What should I know about storage and disposal of this medication?
Keep this medication in the container it came in, tightly closed, and out of reach of children. Store the capsules at room temperature and away from excess heat and moisture (not in the bathroom). The prepared oral suspension dose must be used within 72 hours of preparation; discard any unused doses after 72 hours.
It is important to keep all medication out of sight and reach of children as many containers (such as weekly pill minders and those for eye drops, creams, patches, and inhalers) are not child-resistant and young children can open them easily. To protect young children from poisoning, always lock safety caps and immediately place the medication in a safe location – one that is up and away and out of their sight and reach. http://www.upandaway.org
Unneeded medications should be disposed of in special ways to ensure that pets, children, and other people cannot consume them. However, you should not flush this medication down the toilet. Instead, the best way to dispose of your medication is through a medicine take-back program. Talk to your pharmacist or contact your local garbage/recycling department to learn about take-back programs in your community. See the FDA's Safe Disposal of Medicines website (http://goo.gl/c4Rm4p) for more information if you do not have access to a take-back program.
In case of emergency/overdose
In case of overdose, call the poison control helpline at 1-800-222-1222. Information is also available online at https://www.poisonhelp.org/help. If the victim has collapsed, had a seizure, has trouble breathing, or can't be awakened, immediately call emergency services at 911.

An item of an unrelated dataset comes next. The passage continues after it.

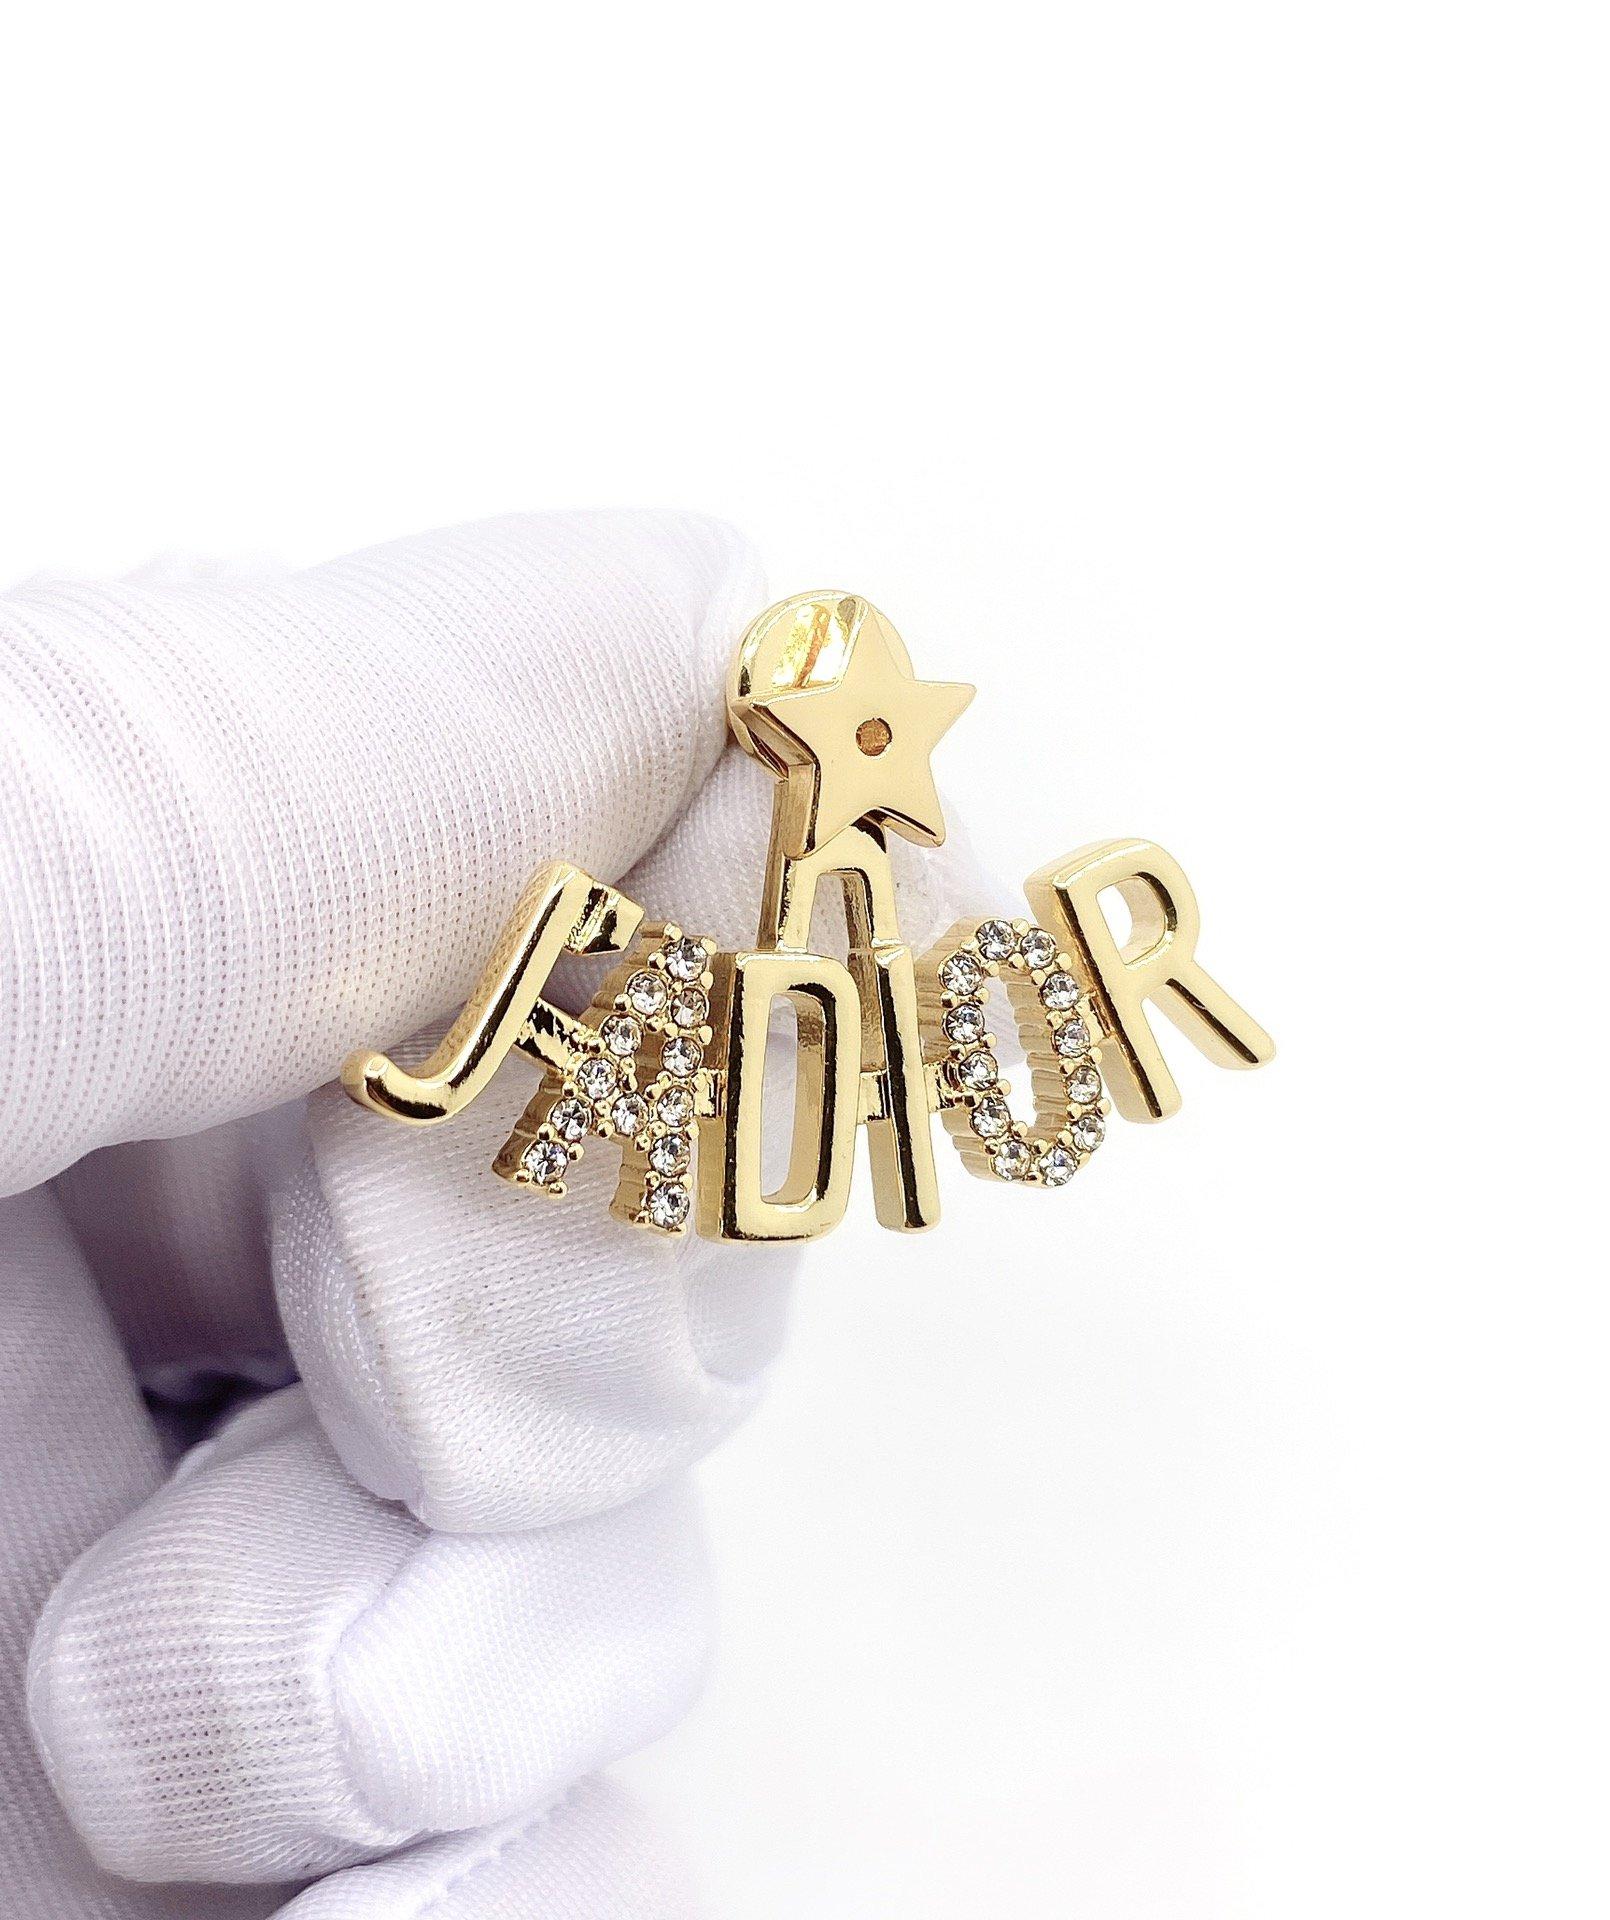 Di0r新款字母耳钉以醒目的金色金属

Symptoms of overdose may include the following:
What other information should I know?
Keep all appointments with your doctor.
Do not let anyone else take your medication. Ask your pharmacist any questions you have about refilling your prescription.
It is important for you to keep a written list of all of the prescription and nonprescription (over-the-counter) medicines you are taking, as well as any products such as vitamins, minerals, or other dietary supplements. You should bring this list with you each time you visit a doctor or if you are admitted to a hospital. It is also important information to carry with you in case of emergencies.